The Never Ending Tour will never end. I" m not there" because he's
everywhere and always will be, and his gift to us is his music, not himself.
And we have no right to demand it.
Lest anyone might yet think that Dylan suffers from the arrogance of
Agamemnon, I'm including the lyrics from the concert's final song, a Frank
Sinatra cover of "Stay with Me" from The Cardinal. Dylan's pleading version
makes me tear up every time I hear or read it. He knows that "genie" originally
meant gift, and that its derivative, "genius" is also a gift. For Dylan, human ego
is powerless without the blessing of the god of creation and the muses of
poetry and song. He knows that Agamemnon's hubris, his believing in his own
greatness, derailed his work and cost him his life, and that ego can over take
gratitude in a heart beat.
"Stay With Me" (Main Theme from The Cardinal)
Should my heart not be humble, should my eyes fail to see,
Should my feet sometimes stumble on the way, stay with me.
Like the lamb that in springtime wanders far from fold,
Comes the darkness and the frost, I get lost, I grow cold.
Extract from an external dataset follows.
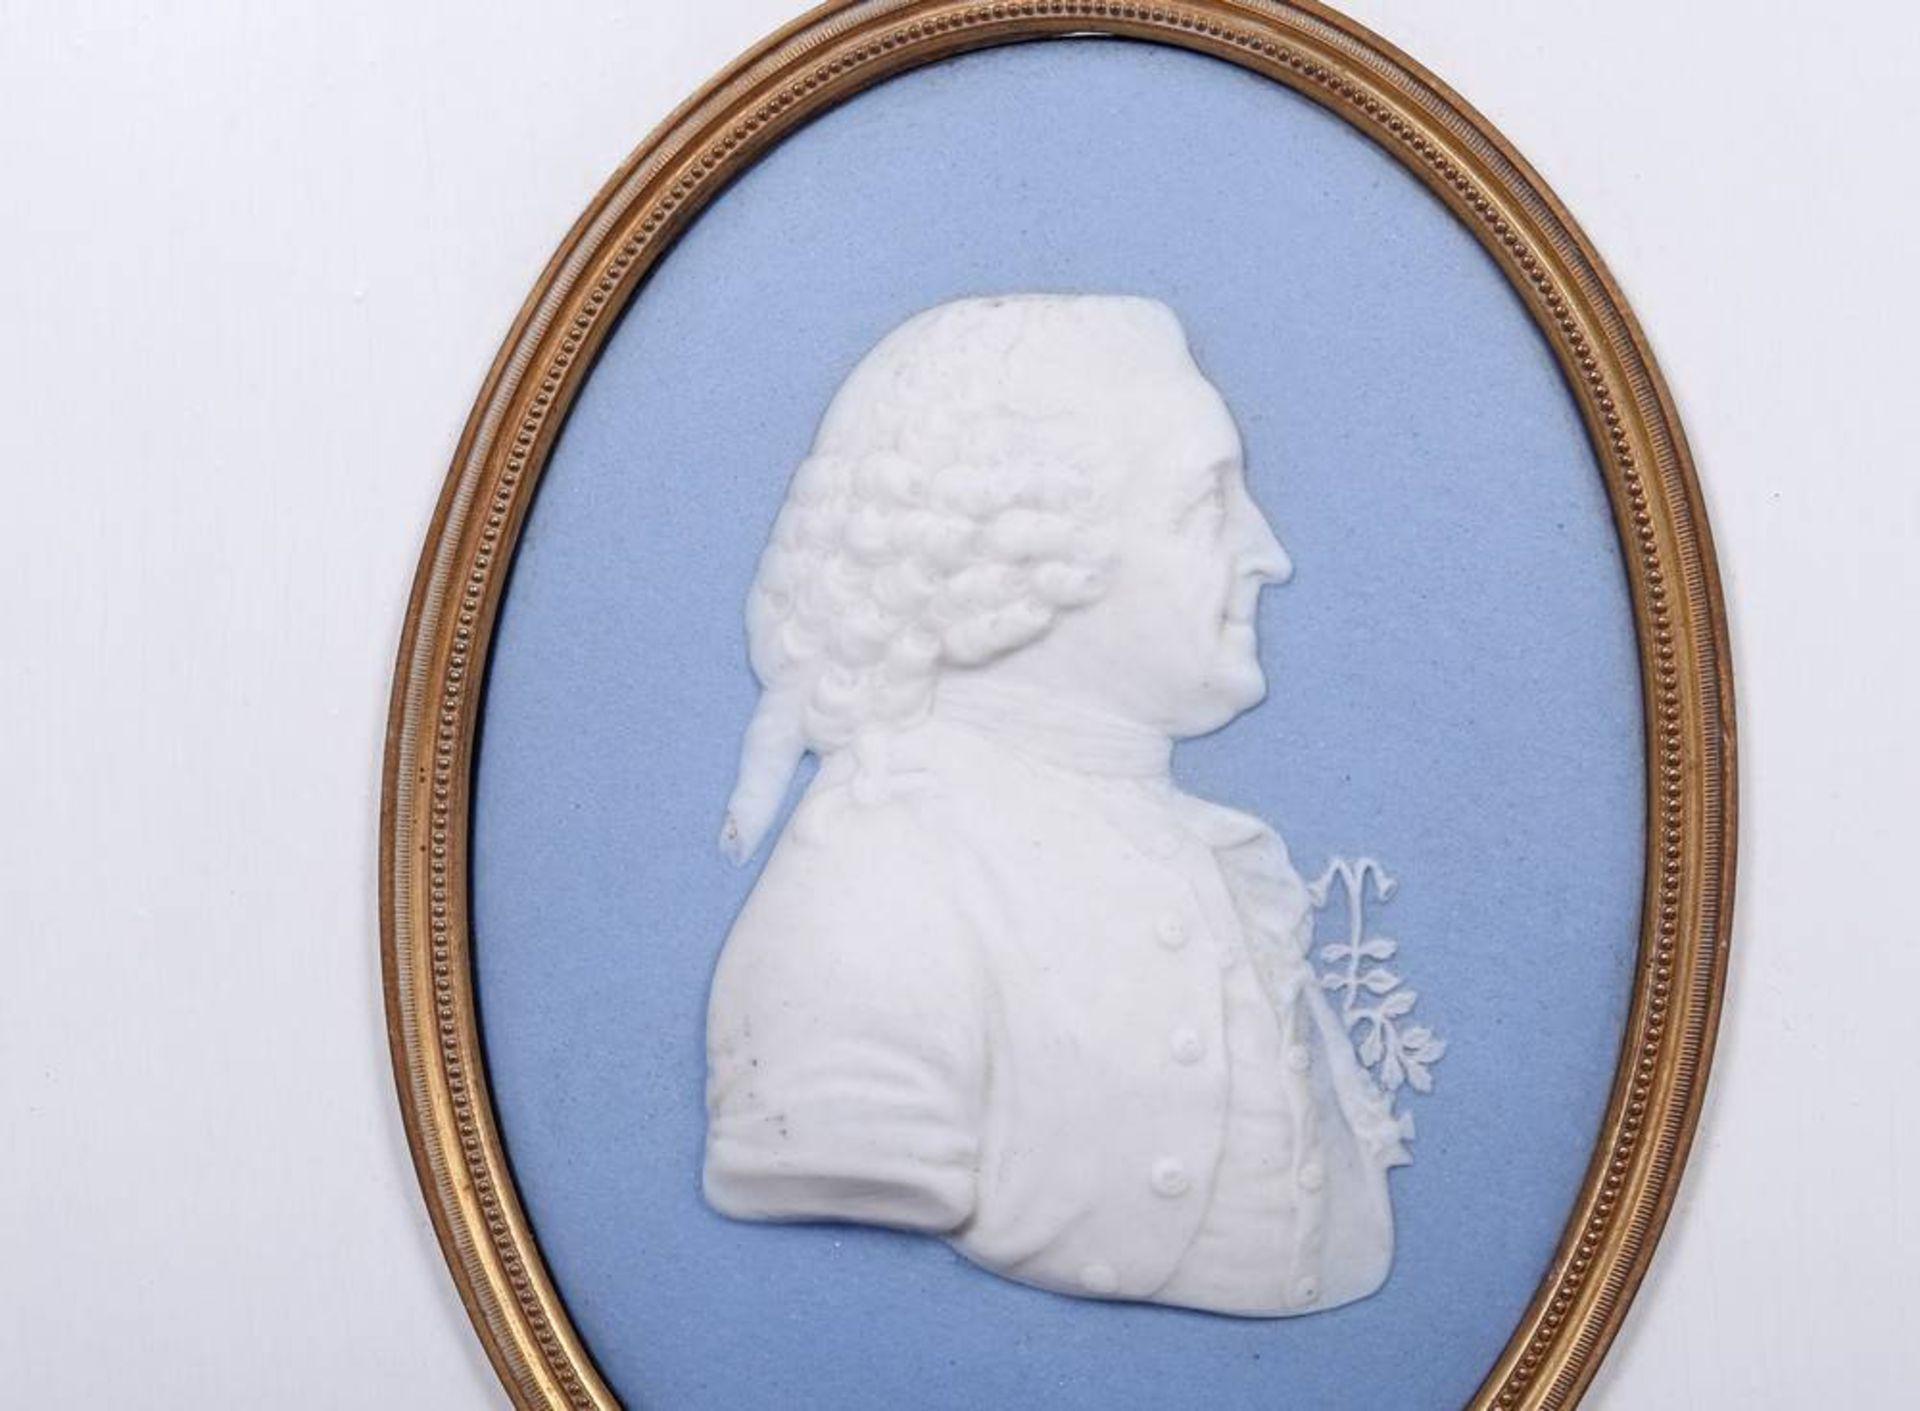 Portrait-Medaillon von Carl von Linné (1707, Råshult - 1778, Uppsala), Wedgwood, um 1800 sog. - Bild 2 aus 3

I grow cold, I grow weary, and I know I have sinned,
And I go seeking shelter and I cry in the wind,
And though I grope and I blunder and I kneel and I'm wrong,
Though the rose buckles under where I walk, walk along
Till I find to my wonder every task least to see,
Or that I can do it, pray, stay with me.
Stay with me.*
-- In reversal, Dylan's Invocation to the Muse appears here as Benediction
with one request. Guide me to "every task least to see," and to see "that
I can do it." Creation never ends nor does the labor of the artist who lives
in fear, humility and "wonder" at his own abilities. Like Elvis and in the
southern blues and rock traditions, Dylan depends on that great gospel
urgency to summon the spirit because he knows that his work was all no
accident nor was it ever done alone.
-- Written in 1963 by Carolyn Leigh and Jerome Moross, "Stay with Me" was
recorded by Frank Sinatra in December of that year. In 2014, it became the
set closer for Dylan's Never Ending Tour, followong "Blowing in the Wind" in
the Encore. So far, it is the only song from Dylan's Shadows in the Night
tribute album to Frank Sinatra that has appeared on the tour set list.